Key price levels are points where buying and selling are most likely to take place. With over 40 years of back tested data, I have defined these key price levels as a pivot point low occurring at a time when investor sentiment is bearish (i.e, bull signal). These key areas are shown with the red dots in figure 1, a weekly chart of the ETF proxy for the S&P500, the S&P Deposit Receipts (symbol: SPY).

Figure 1. SPY/ weekly

Now let's stay with figure 1, and focus on the price bars with the red labeling. These are positive divergence bars between a momentum oscillator and price. Positive divergence bars tend to occur at market bottoms and are of indicative of decreasing downside price momentum. They don't always lead to trend reversals, and more likely the highs and lows of the divergence bar will define a price range. A weekly close above the highs of the positive divergence bar will lead to higher prices (and is considered a breakout) and a weekly close below the lows of the positive divergence bar will lead to lower prices (and is considered a breakdown). The highs of the current positive divergence bar are at 90.13.

My interpretation of the SPY chart is as follows: the price action has been good with three consecutive weekly closes over 86.78. Currently, prices are trading to resistance levels as defined by the highs of the positive divergence bar. A weekly close below 81.78 would be serious technical damage. A weekly close below 86.78 implies weakness and increasing caution. A weekly close over the highs of the positive divergence bar at 90.13 would be bullish. As you can see, prices have probed this area but failed on a closing basis.

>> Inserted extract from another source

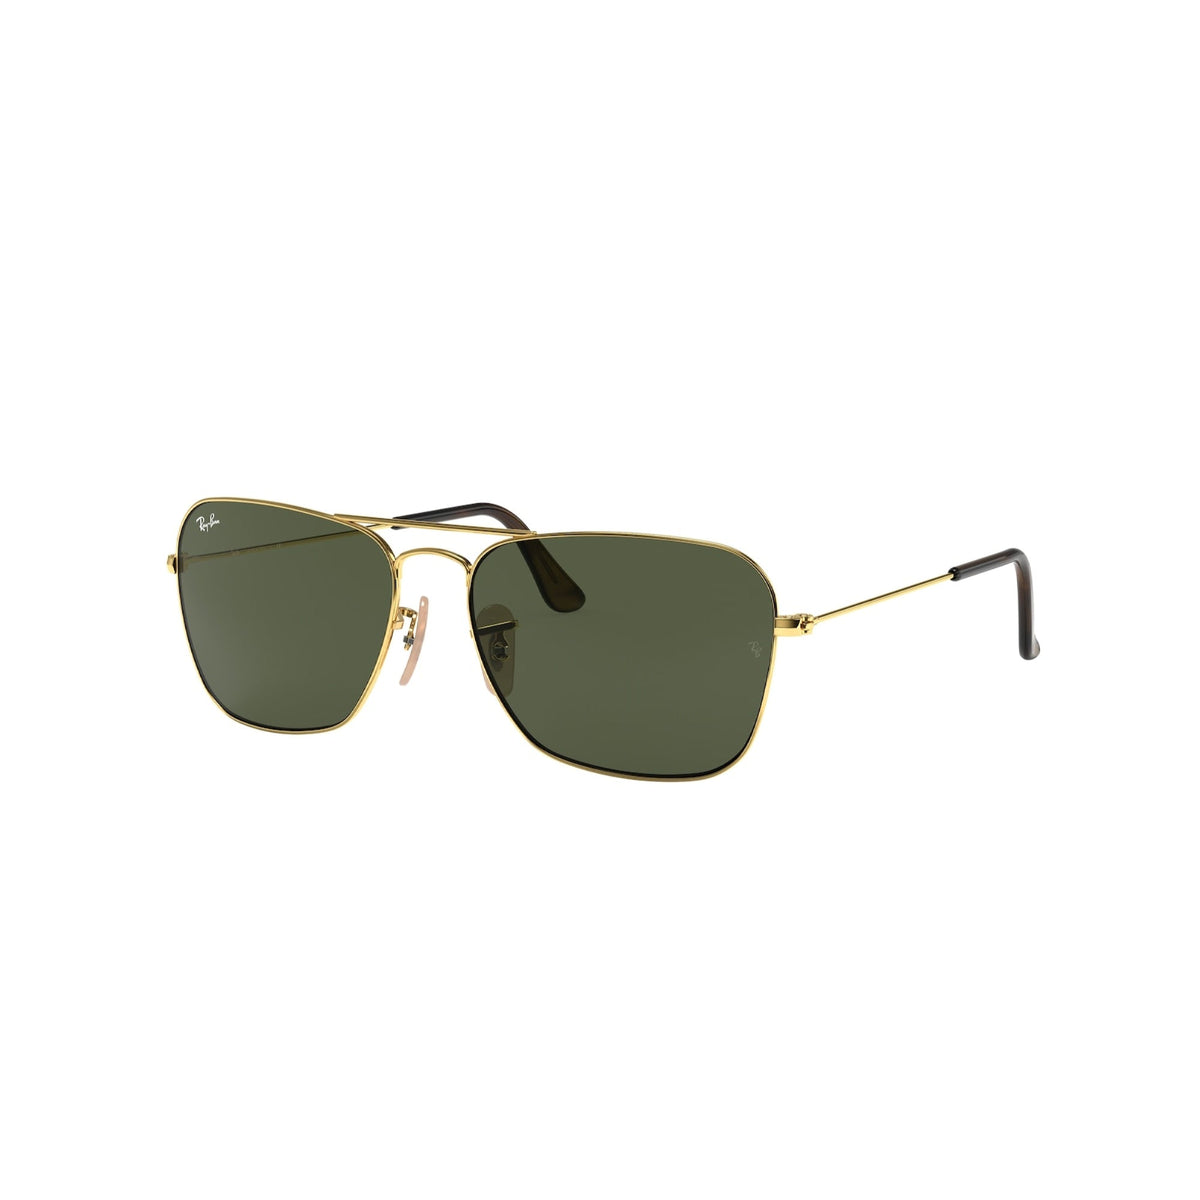 Ray-Ban Unisex Sunglasses Caravan Gold G-15 Green Metal Metal  0RB3136 181 55

Figure 2 is a weekly chart of the Dow Jones Industrial ETF proxy, the Diamond Trusts (symbol: DIA). The key levels and positive divergence bars are noted. Prices have yet to close above near term resistance at 88.36. A weekly close below 82.64 would be disastrous.

Figure 2. DIA/ weekly

Figure 3 is a weekly chart of the Power Shares QQQQ Trust (symbol: QQQQ); prices have finally cleared the upper reaches of the resistance zone as determined by the key support level at 29.72 and the highs of the positive divergence bar at 29.36. It wasn't a convincing show of strength as prices are just barely above (only 14 cents) , but it is a close above a key level nonetheless, and this should be bullish. 29.36 is now support and a weekly close below this level is a sign of weakness.

Figure 3. QQQQ/ weekly

Figure 4 is a weekly chart of the i-Shares Russell 2000 Index (symbol: IWM). Resistance levels at 48.26 have been taken out on a weekly closing basis, so this now becomes support. A weekly close below this (47.58) level is considered bearish.

Figure 4. IWM/ weekly

As we approach this holiday shortened week where light volume should be the rule, the major indices and their ETF proxies are providing a mixed picture. The QQQQ and IWM have finally closed above their most immediate overhead levels but realistically, I have to ask: where is the conviction? The SPY and DIA appear to be further along in the bottoming process but have failed at the next resistance levels. As discussed previously, sentiment is mixed. As always, we give the market the benefit of the doubt, yet of course, we should be on the alert for failures at our key price levels.